One of my LGB R1 turnouts has a sagging turnout blade.

The first picture shows the blade in the "correct" position. I have manually raised it into place.










However, left to its own devices it sags and looks like this second picture:









This creates a couple of problems. The first and most obvious is that the train "bumps" as it connects with the fixed inner track. But I am also having connectivity issues - the train sometimes stalls when crossing at low speed, and I think it is because one inner wheel is on the insulated frog and the other is hovering above the track. (Trains usually cross from right to left)

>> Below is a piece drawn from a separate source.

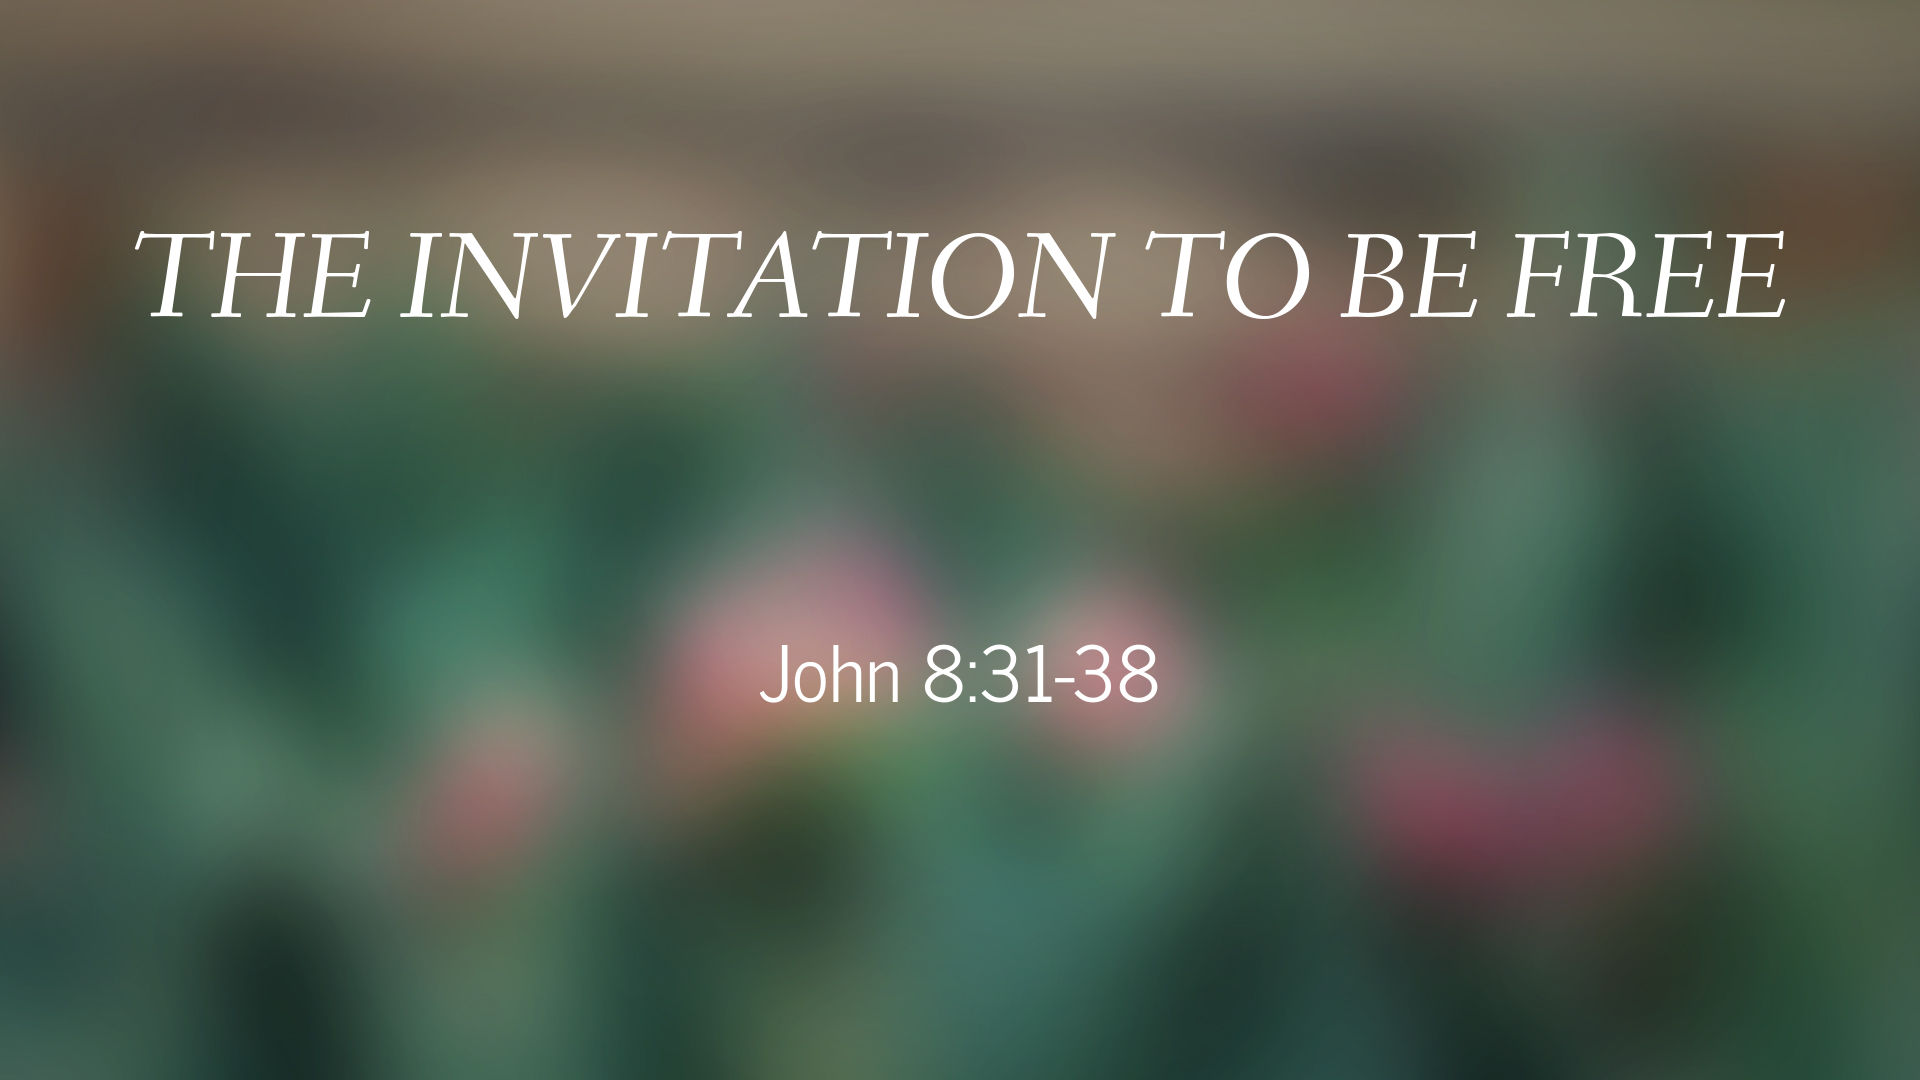 May 03, 2020 - The Invitation to Be Free (Video) John 8:31-38

I've investigated and there is a lot of free movement in the slider that moves the blades, and also between the fastener from the near (saggy) blade and the slider.

Has anyone experienced a similar issue? Is there a way to resolve it other than replacing the turnout? I see a slight tendency to this on one other turnout, but the rest are all working fine.


----------



## Dan Pierce (Jan 2, 2008)

Your problem is the broken pseudo bolt/plates on the outer side near the EPL drive. I repair these by installing a small stainless screw on the bottom of the defective ties. I got these screws at the Denver show many years ago.


----------



## toddalin (Jan 4, 2008)

After many years, mine sag too. It seems the rivets that hold the rails at the throw bar get sloppy and things sag. I usually install a piece of plastic under the throw bar to better keep it in place. But you have to keep it clean or it can add a lot of friction.

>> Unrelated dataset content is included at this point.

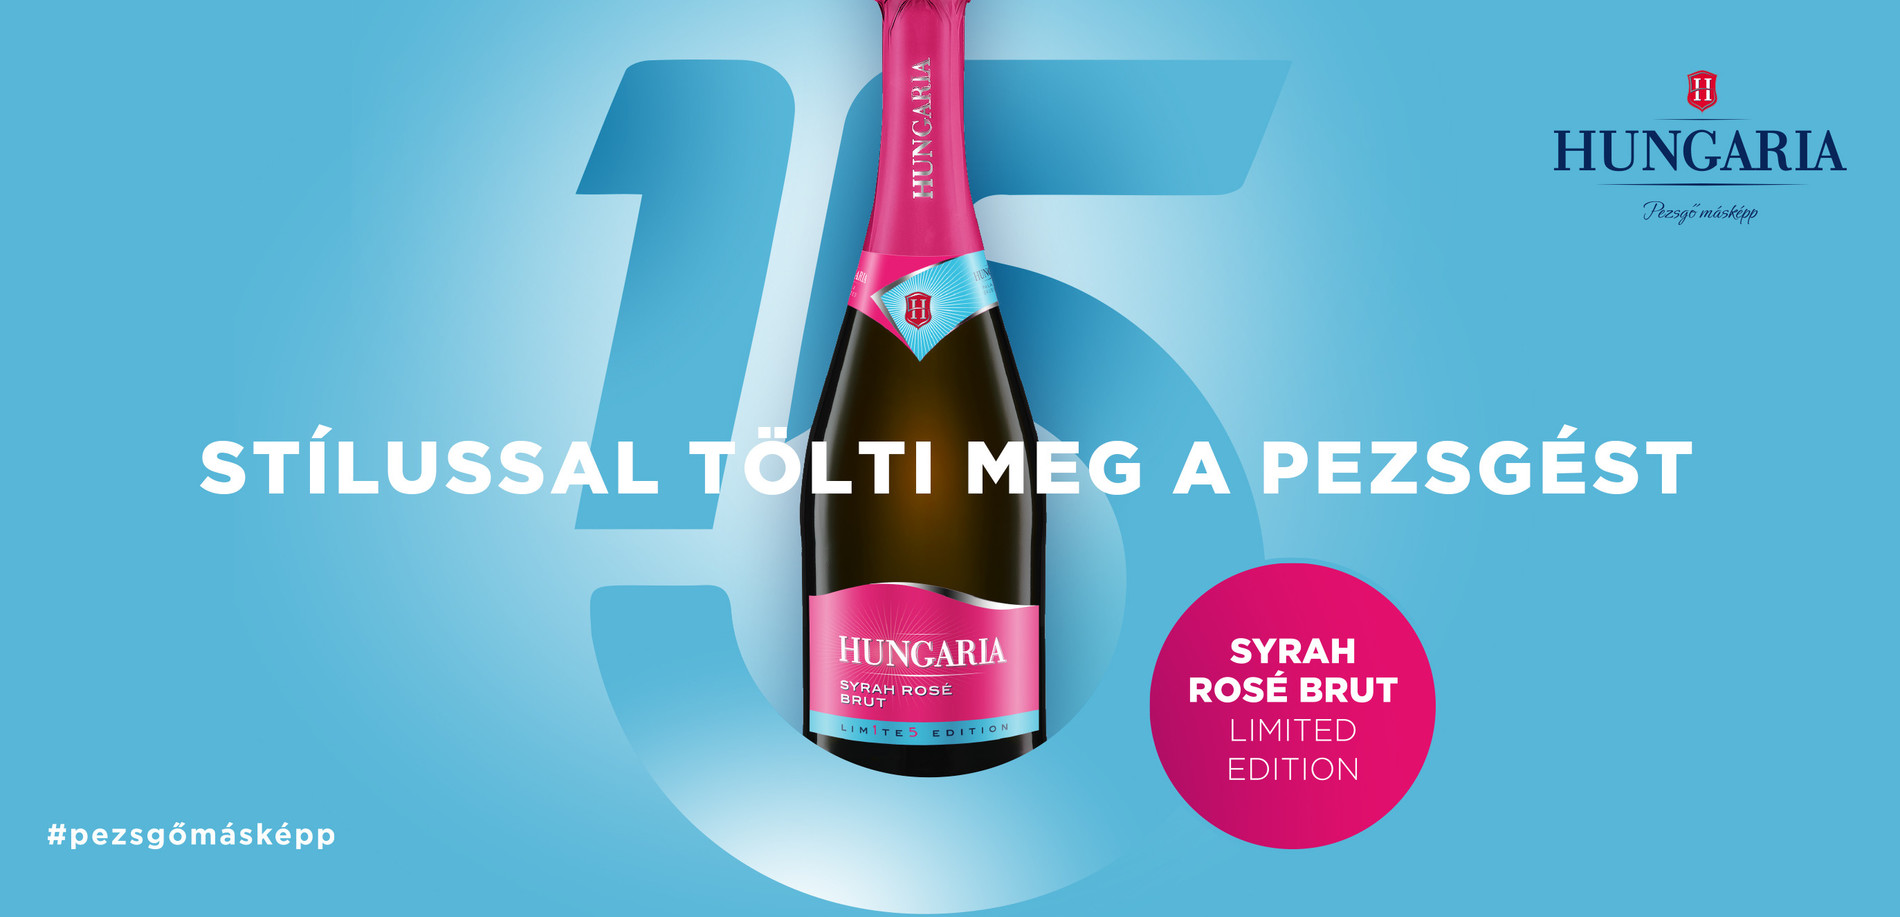 Hungaria Syrah Rosé Brut Limited Edition

As for loss of power, the points get power from the mechanical contacts that touch and slide and corrode over time such that you loose continuity. The best (and eventually only) thing to do is to solder small jumper wires to the point rails from the stock rails, and I have done this on my 21 turnouts.


----------



## Andrew_au (Jul 27, 2021)

Dan Pierce said:


> Your problem is the broken pseudo bolt/plates on the outer side near the EPL drive. I repair these by installing a small stainless screw on the bottom of the defective ties. I got these screws at the Denver show many years ago.


Yes, looking at the turnout I can see that the last three sleepers are no longer fastened to the curved stock rail (clips are broken on both sides of the rail). Is the best solution glue or some screws? If screws, where is it best to fasten them? I think I would need to create holes in the existing plastic to do so which risks damaging stuff.

Alternatively, I think I can mostly solve the problem by making sure the sleepers are pushing firmly against the rails (and not floating as in the diagram above).


----------



## toddalin (Jan 4, 2008)

In that situation, I've fitted a piece of wood to fit in the void space in the plastic under the ties and use small screws into those. But sometimes the ends of the ties break off.


----------



## Dan Pierce (Jan 2, 2008)

I drill a small hole through the oplastic and into the brass reai and then install the small stainless screw.


----------



## stevedenver (Jan 6, 2008)

All great advice.

i too am of the kind that repairs instead of replacing.

but, if you use the turnout,
buy a new one


----------